C’est gentil de ta part mais c’est démesuré. Je ne mérite pas tant. N’importe qui aurait la même chose pour toi. C’est normal, on laisse pas quelqu’un se vider de son sang sans rien faire. Et puis c’est un peu de ma faute si on s’est planté à l’épreuve culinaire alors disons qu’on est quitte. Te sens vraiment pas obliger de m’être redevable... je ne te demande aucune forme de reconnaissance.

Elle lui adressa un sourire amusé. Qu’est-ce qui pouvait bien se passer dans la tête de ce garçon ? Liliany aurait donné beaucoup pour le savoir, dans la mesure du possible.

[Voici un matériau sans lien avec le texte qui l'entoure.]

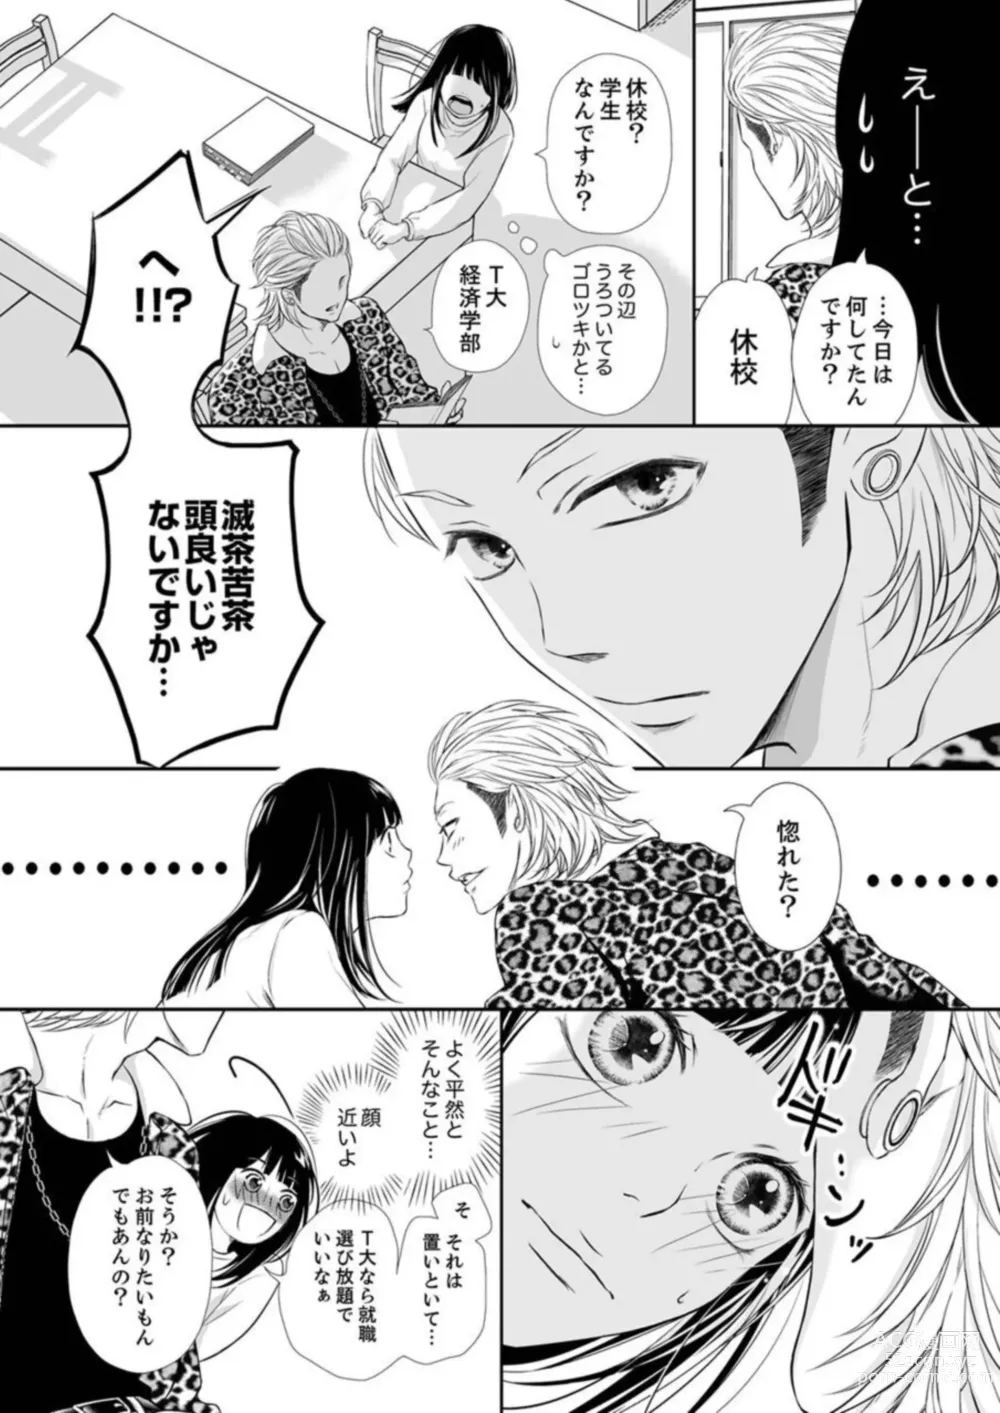 Page 10 of manga Juusei to Aegigoe ~ Uchinuku Tabi ni, Kikasero yo - Gun shot and Panting 1

En attendant ils se retrouvaient là comme deux cons-damnés à l’ennui. Et même si cet ennui avait une douce saveur pour Liliany, elle devait se rendre à l’évidence que Johannes pouvait trouver l’instant amère. Alors elle se tourna vers lui avec un nouvel enthousiasme dont elle était souvent animée.

Quelle heures est-il ? On a peut-être encore la chance d’assister à la final du tournois de tennis en mangeant des bonbons et des barres chocolatées. Ca te dis ? C’est en ce moment même, je crois. Il y aura tous les gens du club pour défendre les couleurs de Cambridge.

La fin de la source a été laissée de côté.